The Petri dish for these unintended Sims 2 viruses is EA's own "Lot Exchange," where over 27,000 user-created properties - many lavishly detailed and elaborate - are available for downloading, with more added every day.

At one point as many as three-quarters of the lots on the exchange contained hacks, estimates Suzanne Walshire, a 57-year-old Sims 2 player from Pflugerville, Texas, and an early victim of the phenomenon." It's extremely widespread," Walshire says. "Someone at Electronic Arts was really shortsighted not to have thought of hacked objects spreading this way. If they knew that their own objects would download with a house, they would know that other objects would download with a house also."

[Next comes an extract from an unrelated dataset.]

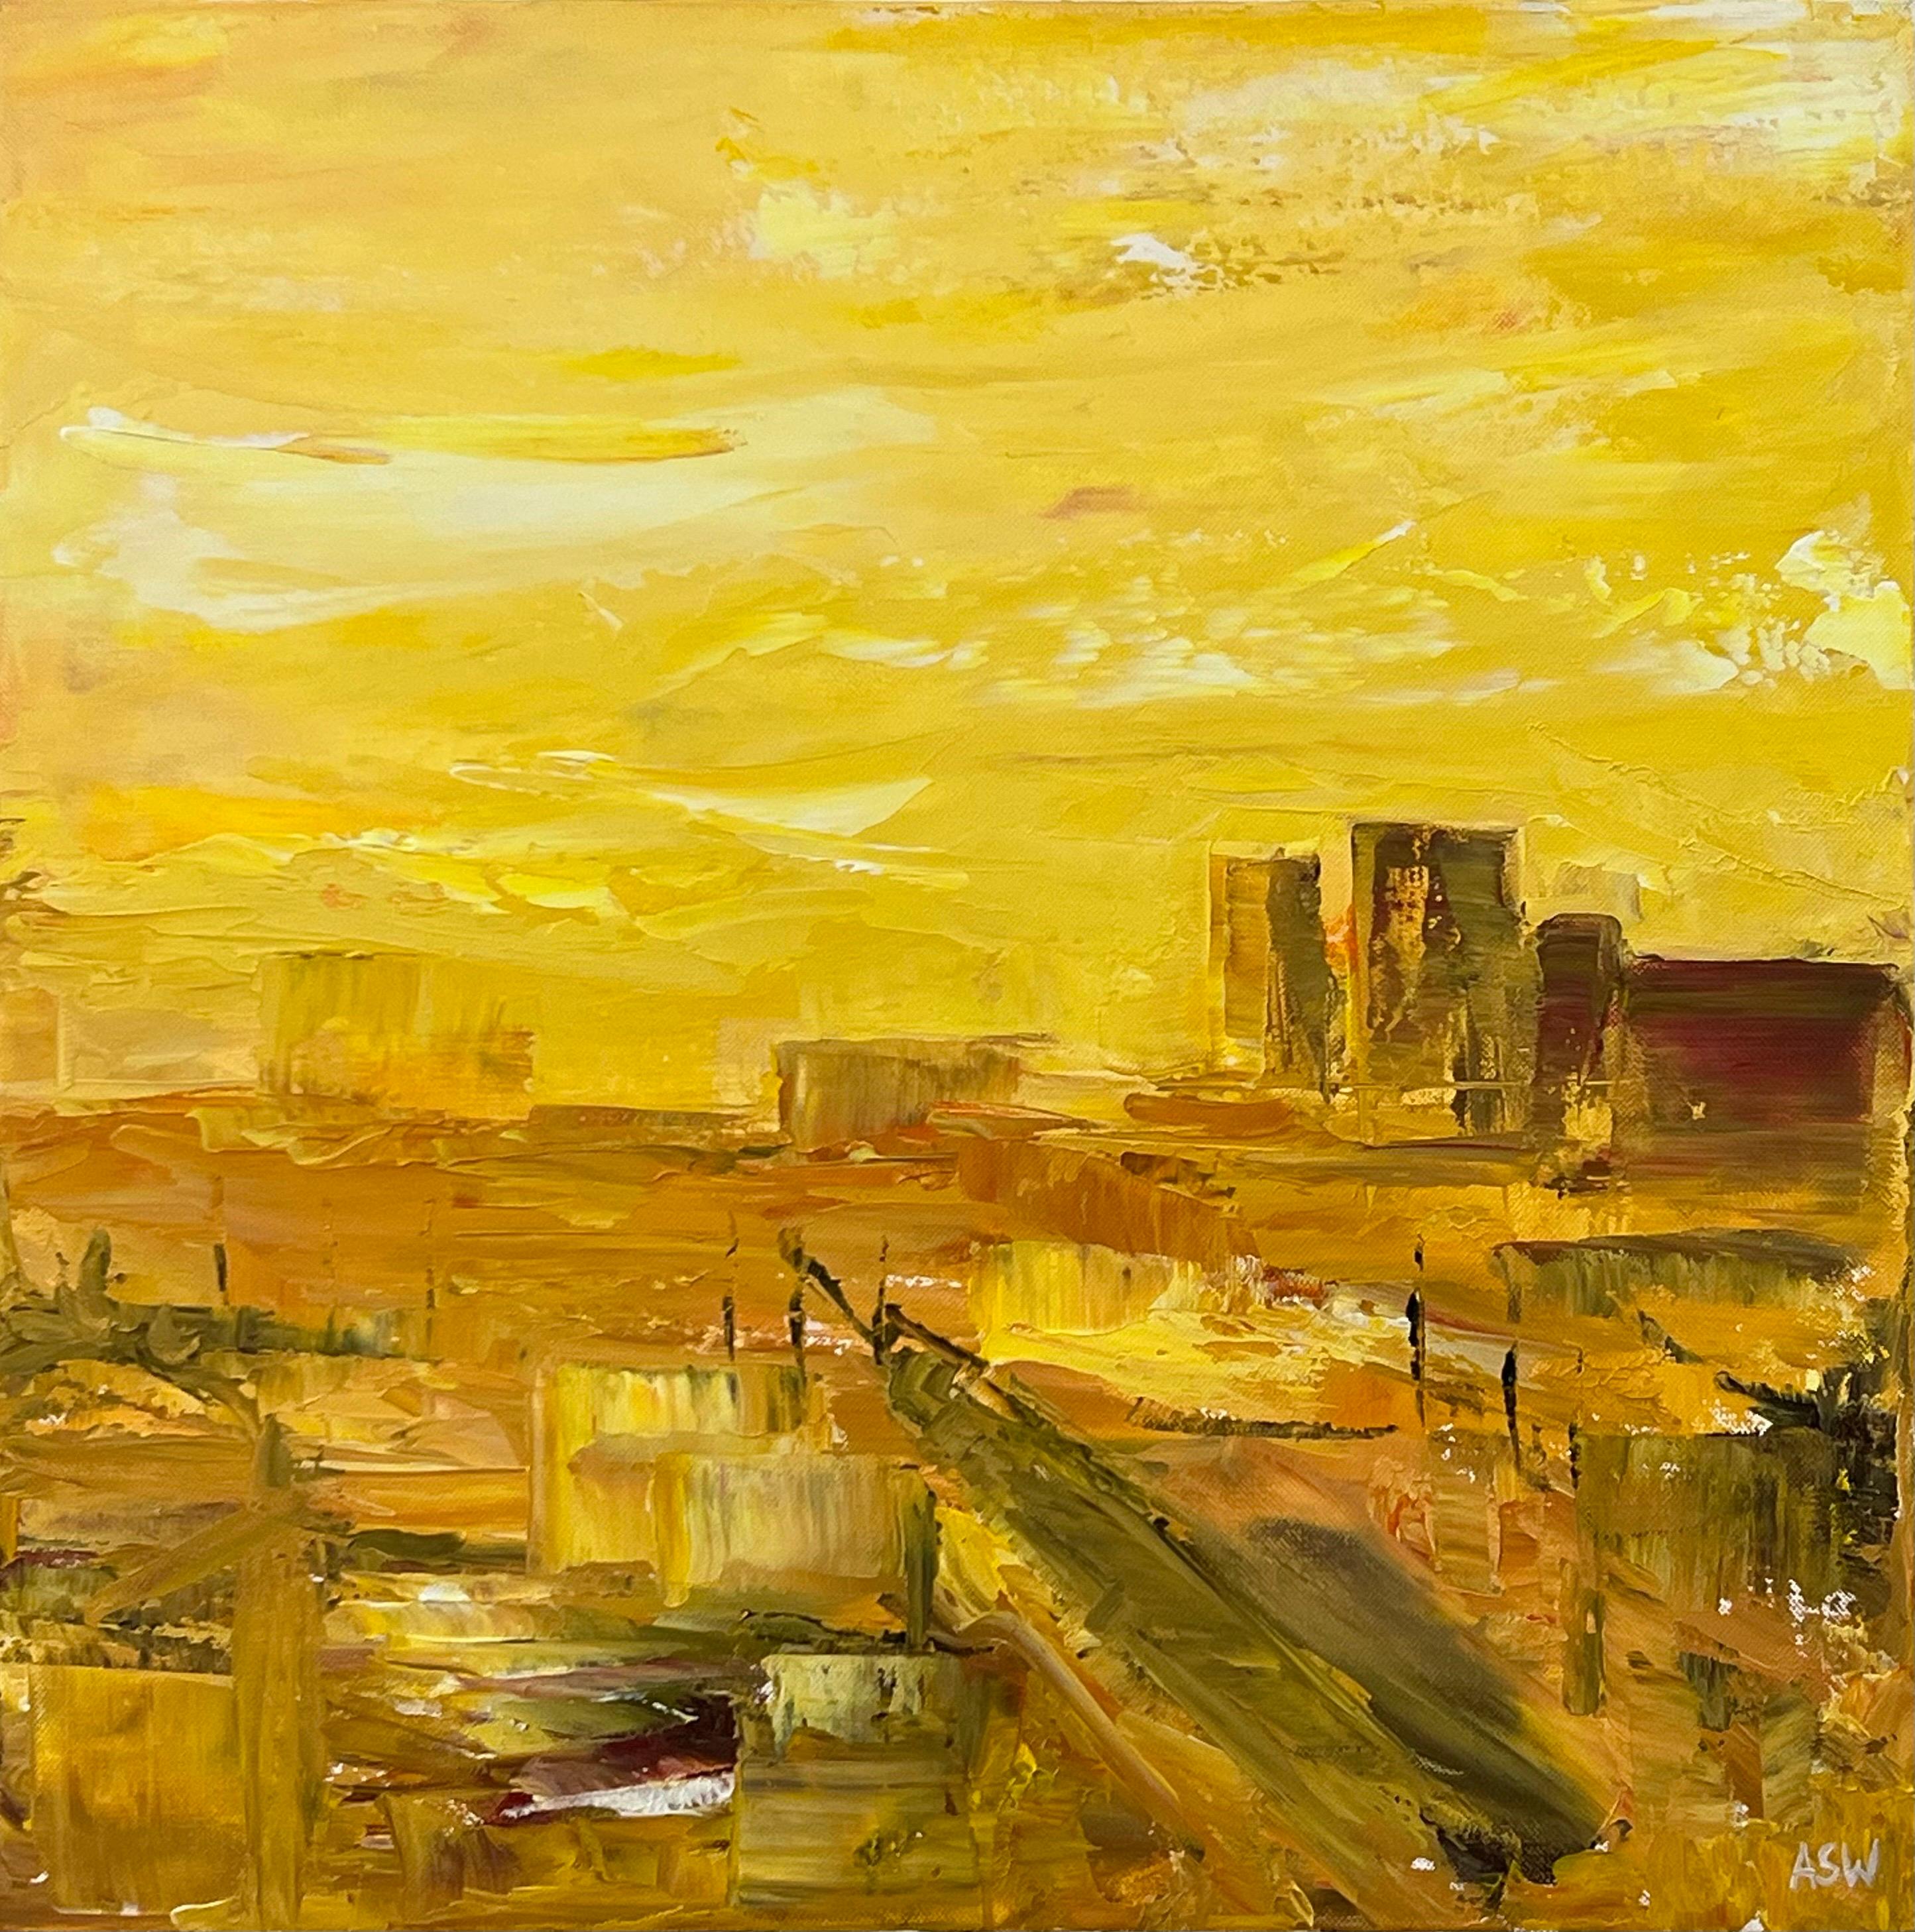 Paisaje abstracto amarillo dorado de Los Ángeles pintado por un artista contemporáneo

But the company says it was indeed surprised. EA declined interview requests for this story, but last month, thirty days after the initial complaints rolled in, the company finally issued a warning about the spreading hacks on its Sims 2 forum. At the same time it announced that it had reprogrammed the exchange to identify any lots containing modified objects or behaviors, and to allow users to see all the elements in a property before installing it. "Our community continually surprises us by their creativity and dedication to pushing the game's limits further then we ever dreamed possible!," the company wrote, by way of explanation.

"I think the response wasn't exactly timely," says a Sims 2 hacker who asked to be identified by his online moniker, Jfade. By then the community, fearful of being blamed for the issue, had already developed its own solution. Modders took a page from the anti-virus industry and created a central list of identified hacks, their names and checksums, then wrote programs that can scan a user's Sims 2 directory and isolate suspect files. "It allows them to see more details about the hack ... and then they can either move it out of the downloads directory or delete it," says Jfade, who authored one of the programs, called the Sims 2 Hack Scanner and Lister. "I knew I wouldn't want to have these hacks, and in the process found out that I had quite a few."

It's possible such scanners will someday become as indispensable to networked Simmers as anti-virus software is to Windows users. So far the hacks that are spreading are designed to be harmless, but there's nothing keeping a new and uncommonly twisted breed of malware writer from taking the stage, producing viruses that spread through the exchange to corrupt thousands of tiny simulated worlds.

An empty trailer home could carry an invisible hack that makes the game unplayable... at least until the user tracks it down and deletes it. Walshire, still a loyal Sims 2 fan, dreads the day when black hats take on the Sims. "I can't see why someone who was malicious," she says, "couldn't accomplish some really nasty things."